Matrix-vector multiplication
Consider the following implementation of a matrix-vector multiplication in Python operating on lists:
def mv(A, b):
return [sum([A_val * b_val for (A_val, b_val) in zip(A_row, b)]) for A_row in A]
A = [[2.5, 3.5], [1.5, 0.5]]
b = [2.0, 1.0]
out = mv(A, b)
print("lists", out)
The mv function, as implemented above, cannot be JIT-compiled using ParPy. We will consider issues, and discuss how the code can be rewritten to eventually make it parallelizable. We also motivate why we have to perform certain rewrites.
Returning a value
A problem with the mv function implementation is that it returns the result. In ParPy, the main function (the function we call from Python) cannot return a value. Instead, the function takes output data as arguments are mutate them. ParPy is designed this way to avoid having to allocate data within a JIT-compiled function, as the ability to allocate data on the GPU is very limited.

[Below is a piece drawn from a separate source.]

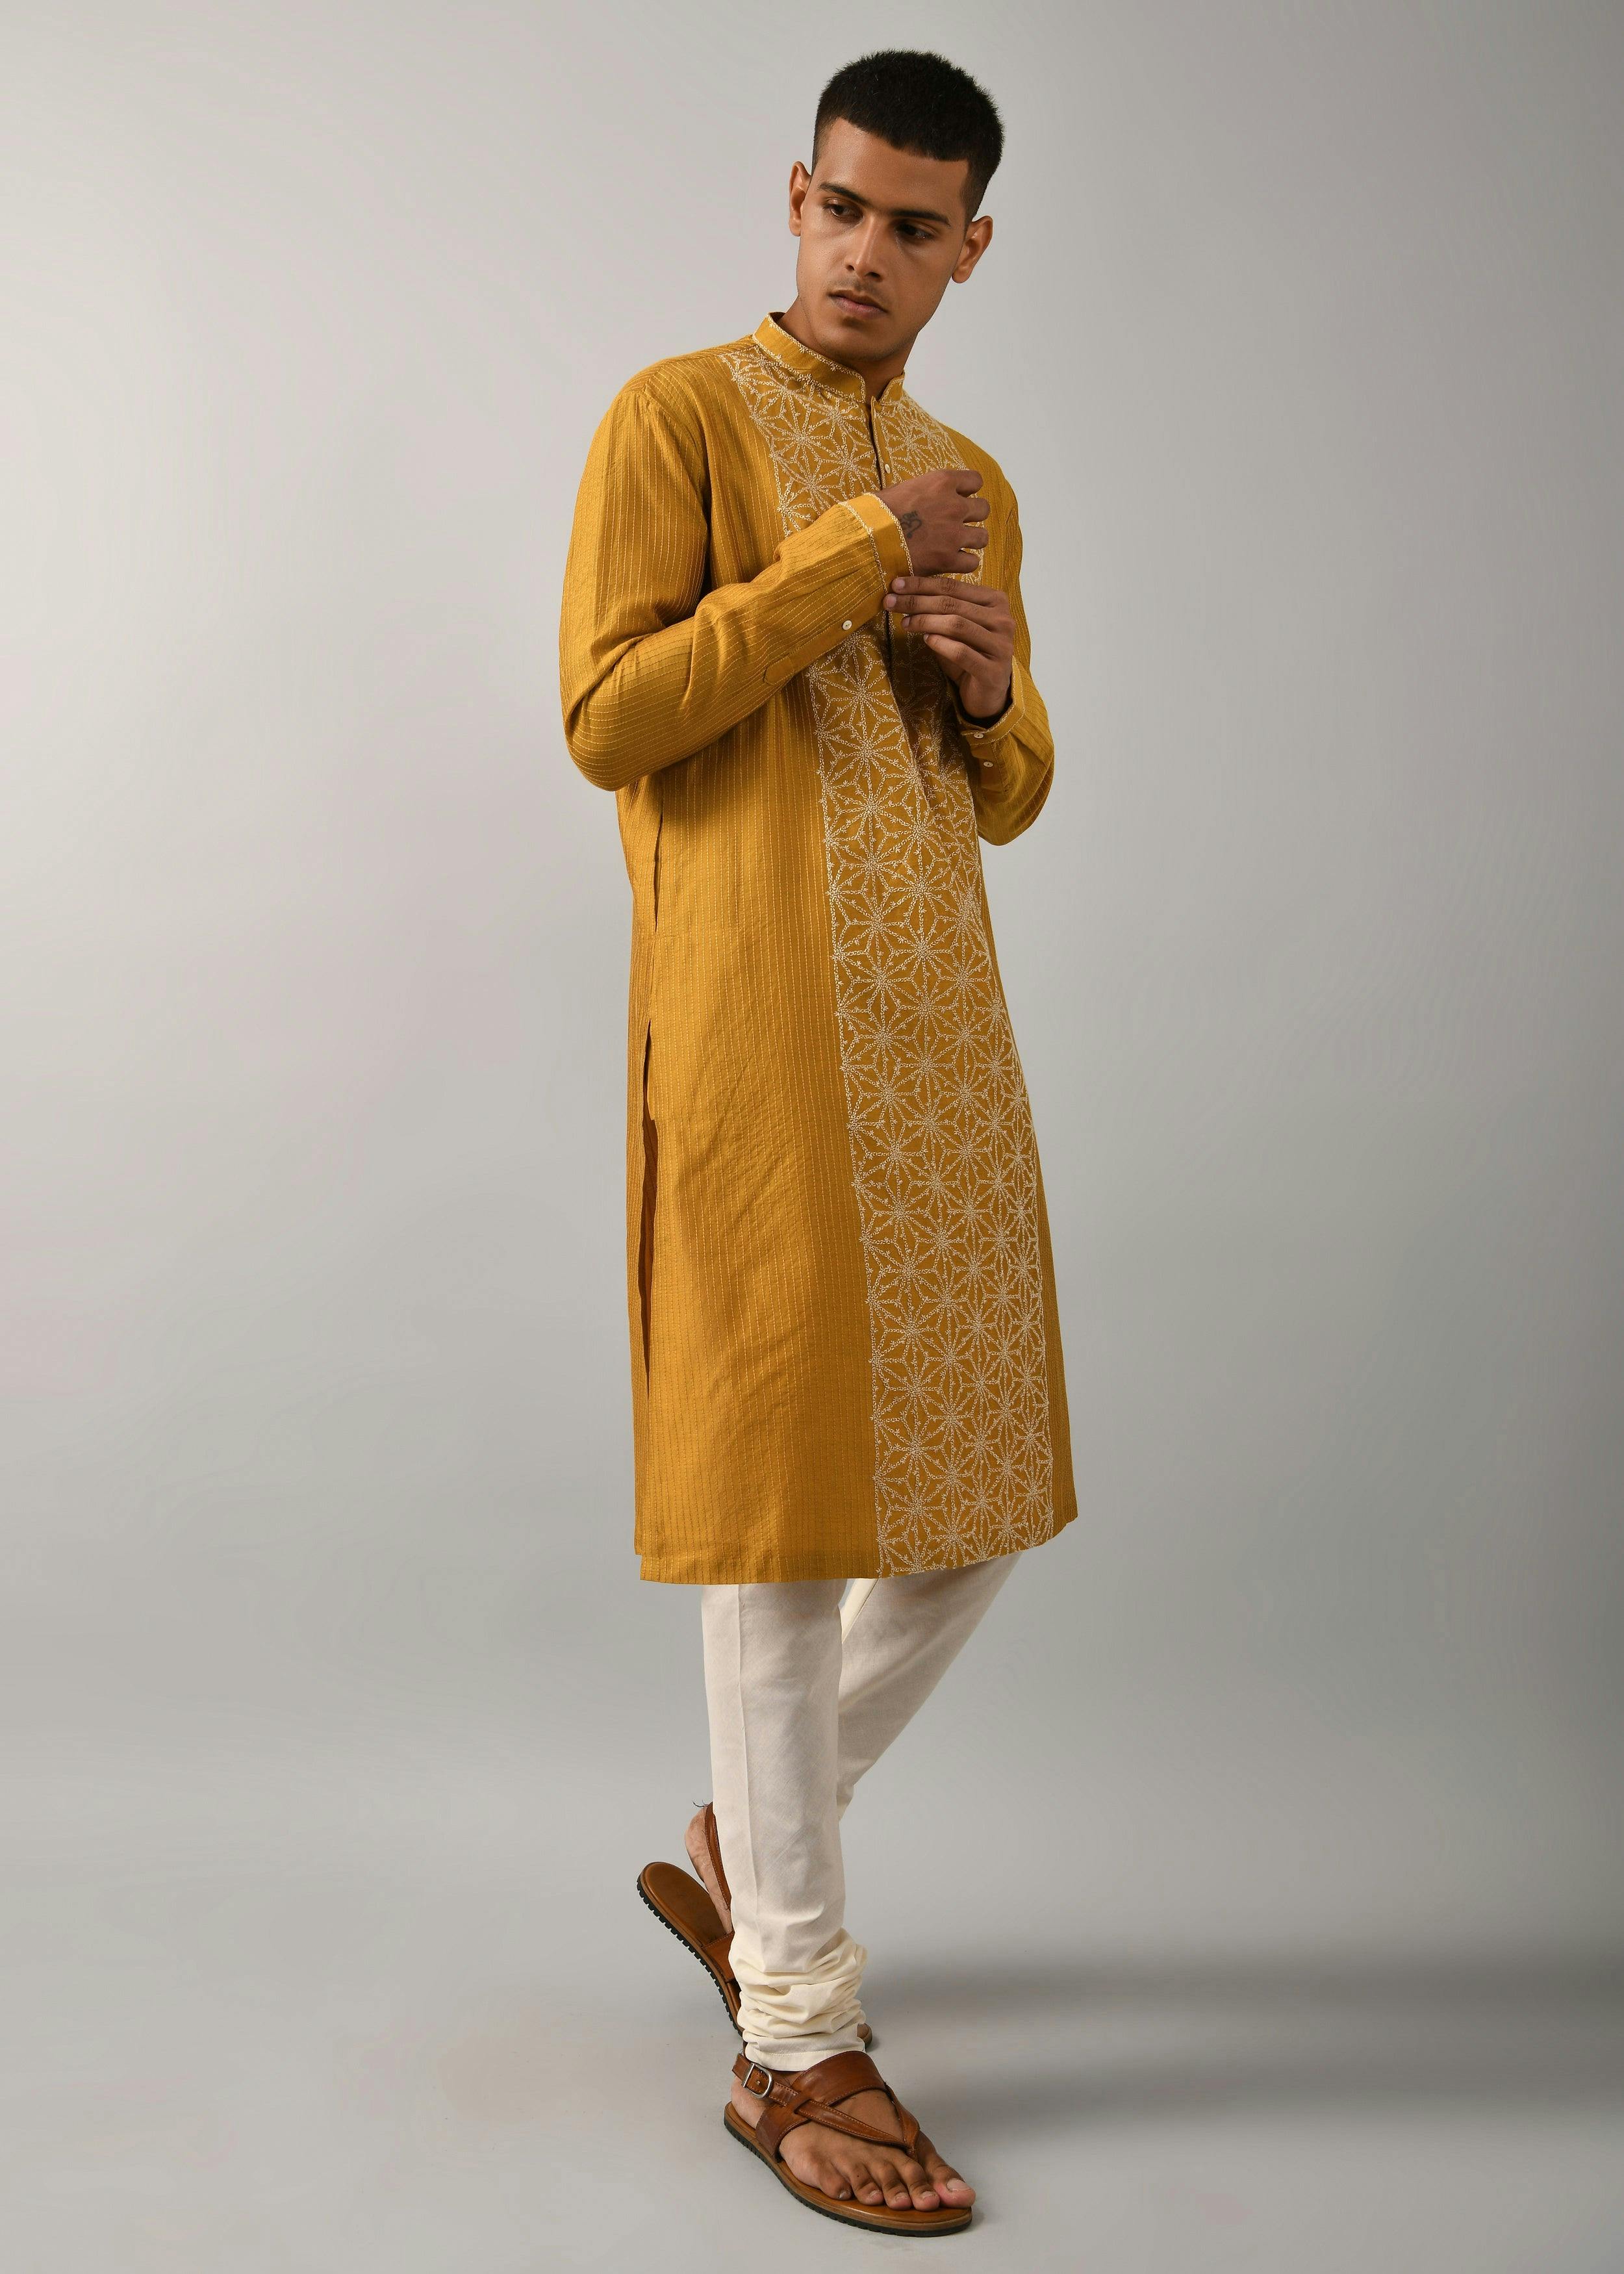 Dhruvtara Hand Embroidered Kurta Set, a product by Country Made

We rewrite the function by having it mutate a pre-allocated output list (assuming N is the number of rows in A). In each iteration of the loop, we update an entry in out by summing the product of a matrix row A[row] with the corresponding values of the vector b.

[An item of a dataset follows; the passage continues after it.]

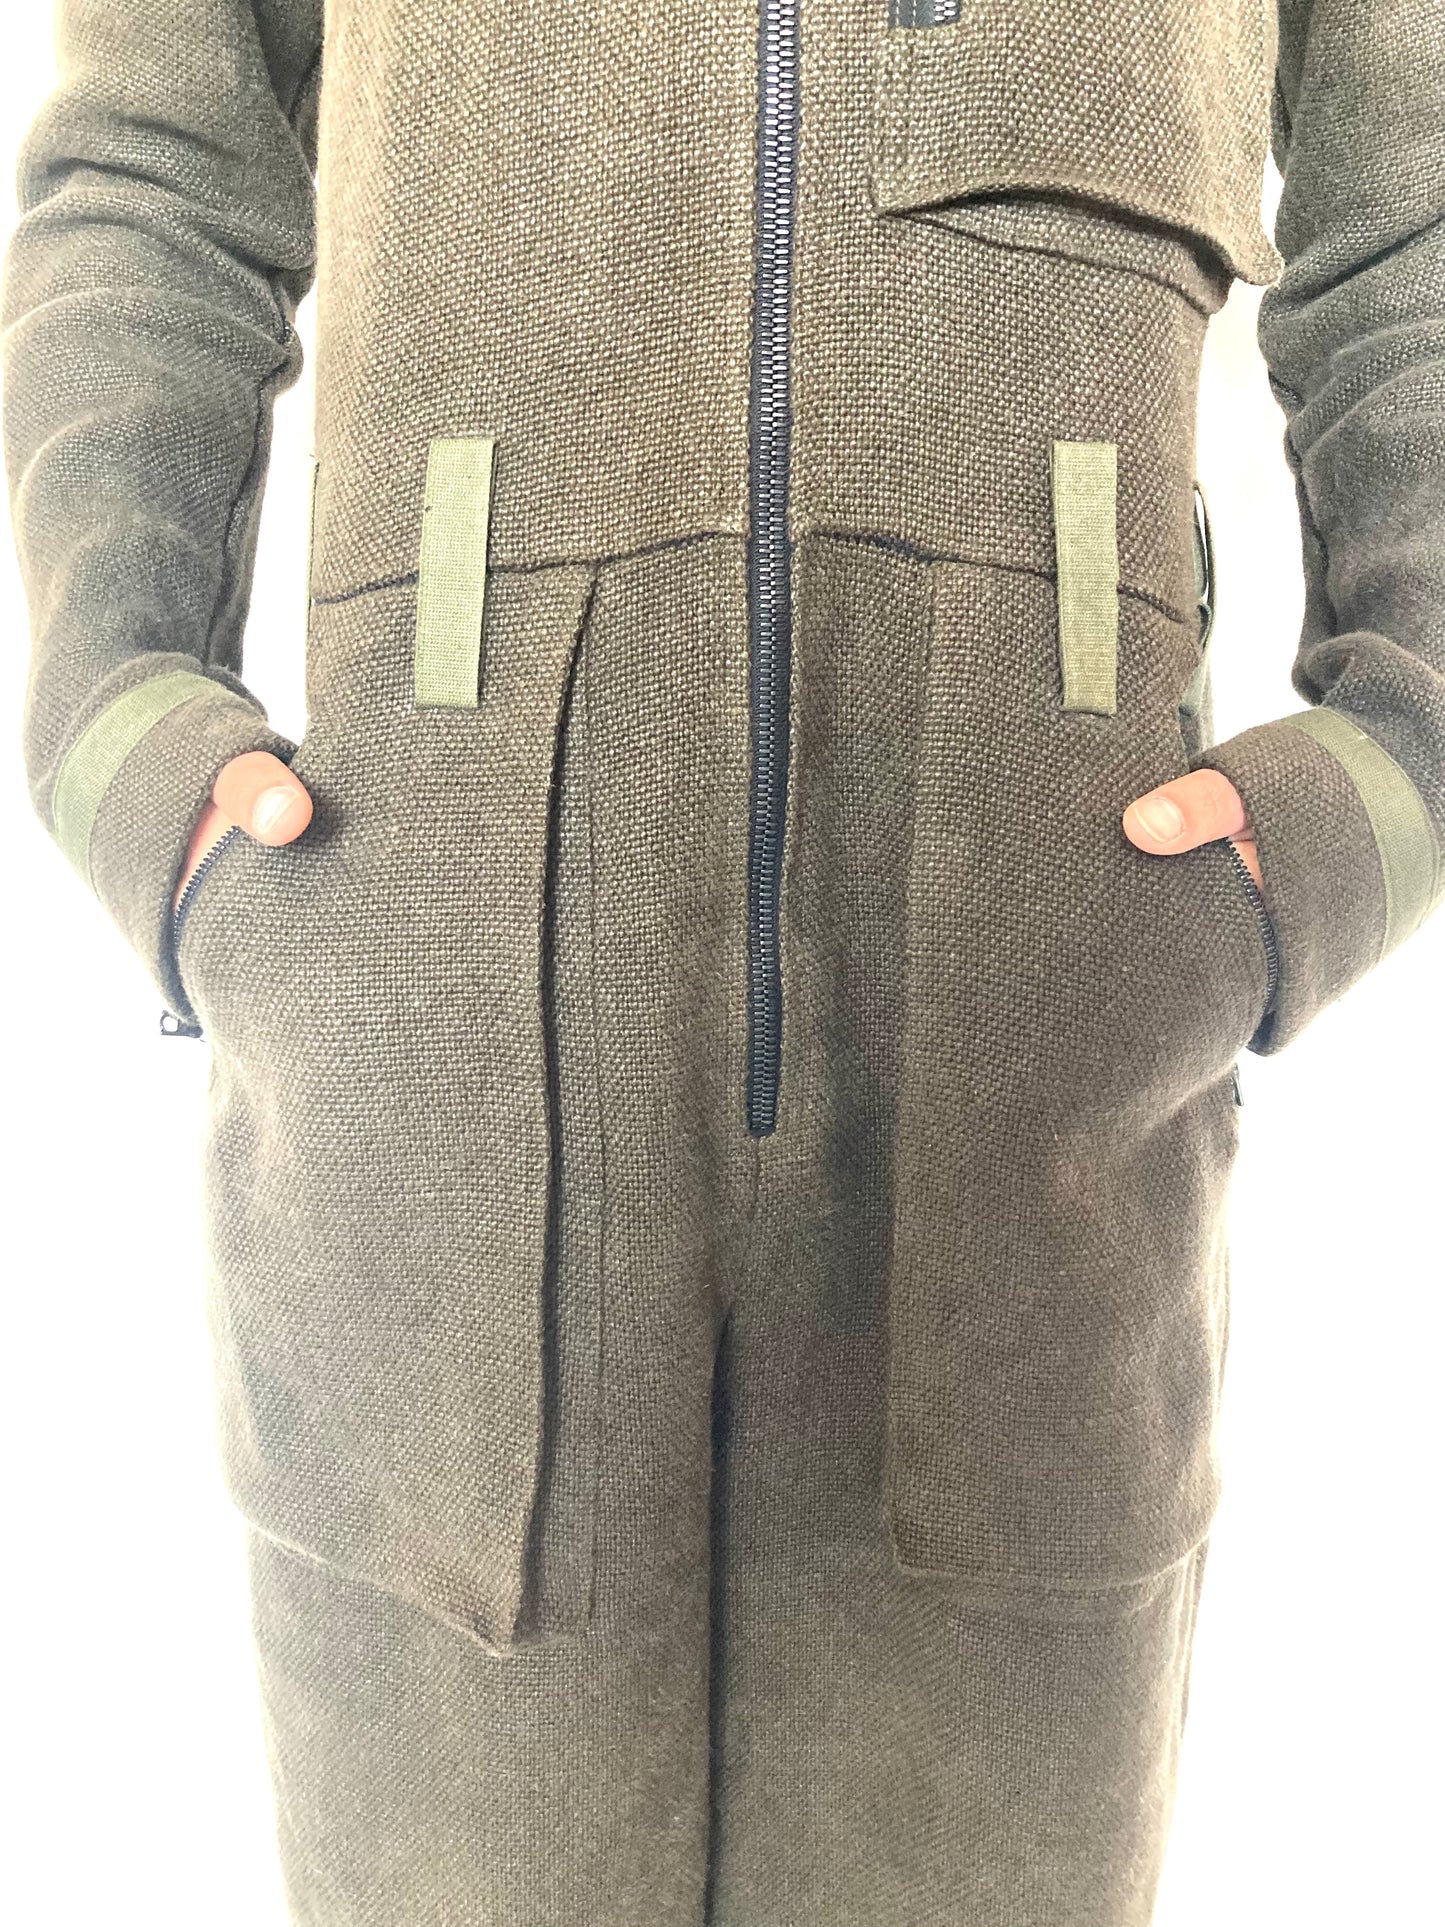 KNG13 || FULL BODY COVERALLS || HEAVY LINEN - OLIVE GREEN

def mv_inplace(A, b, out, N):
for row in range(N):
out[row] = sum([A_val * b_val for (A_val, b_val) in zip(A[row], b)])
N = 2
A = [[2.5, 3.5], [1.5, 0.5]]
b = [2.0, 1.0]
out = [0.0 for i in range(N)]
mv_inplace(A, b, out, N)
print("lists (no return)", out)
Python lists
The next problem with the function is that it uses Python lists. These not supported in ParPy because they are difficult to use in native code (e.g., they can contain elements of distinct types). Similarly, ParPy does not support list comprehensions. Instead, we can rewrite it to operate on NumPy arrays:
import numpy as np
def mv_numpy(A, b, out, N):
for row in range(N):
out[row] = sum(A[row] * b)
N = 2
M = 2
A = np.array([[2.5, 3.5], [1.5, 0.5]])
b = np.array([2.0, 1.0])
out = np.zeros((N,))
mv_numpy(A, b, out, N)
print("NumPy v2", out)
ParPy supports arrays implementing the Array Interface Protocol and the similar CUDA Array Interface. This includes containers such as NumPy arrays, PyTorch tensors, and CuPy arrays. ParPy will use the data of a CUDA array (e.g., a PyTorch tensor placed on the GPU) without copying, while other kinds of data (e.g., a NumPy array) is automatically copied between the CPU and the GPU.
Parallelization
At this stage, we can enable parallelization of the function by adding a decorator and labels. In addition, we rewrite the summation expression as A[row,:] * b[:] to explicitly list the dimensions we parallelize over (which we can associate with a label). The resulting code is:
import parpy
@parpy.jit
def mv_parpy(A, b, out, N):
parpy.label('N')
for i in range(N):
parpy.label('M')
out[row] = sum(A[row, :] * b[:])
When calling the JIT-compiled mv_parpy function, we have to provide the compiler options where we specify how to parallelize it (as we saw in the previous tutorial):
opts = parpy.par({'N': parpy.threads(N)})
mv_parpy(A, b, out, N, opts=opts)
print("ParPy", out)
Performance concerns
We use NumPy arrays in the call to mv_parpy. In this case, ParPy will implicitly copy data back and forth between the CPU (where the NumPy arrays are stored) and the GPU (where the parallel code executes). If we plan to perform more operations on the GPU, copying data back and forth like this is very wasteful. Instead of NumPy arrays, we could have used PyTorch tensors already stored on the GPU to avoid this overhead. However, this is only supported for the CUDA backend.
The parpy.buffer module defines ParPy buffers, which can be used to pre-allocate GPU data for any supported backend. This eliminates the need to implicitly copy data between the CPU and the GPU. They are particularly useful when benchmarking to minimize the overhead. We can pre-allocate data as:
backend = parpy.default_backend()
A = parpy.buffer.from_array(A, backend)
b = parpy.buffer.from_array(b, backend)
out = parpy.buffer.zeros((N,), parpy.types.F32, backend)
After allocating the buffers, we can call the mv_parpy function as before. After calling the function, we can use the numpy method to produce a new NumPy array containing the data of a ParPy buffer. The GPU executes asynchronously from the CPU. When we called the mv_parpy function using NumPy arrays, it would implicitly wait for the GPU execution to finish, as it had to copy data back to the NumPy arrays before returning. This happens implicitly when invoking the numpy method of a buffer. However, when performing timing measurements, we have to ensure the GPU execution has finished when using buffers. To do this, we use the sync method on the out buffer:
import time
t1 = time.time_ns()
mv_parpy(A, b, out, N, opts=opts)
out.sync()
t2 = time.time_ns()
print("Time:", (t2-t1)/1e9)
print("ParPy", out.numpy())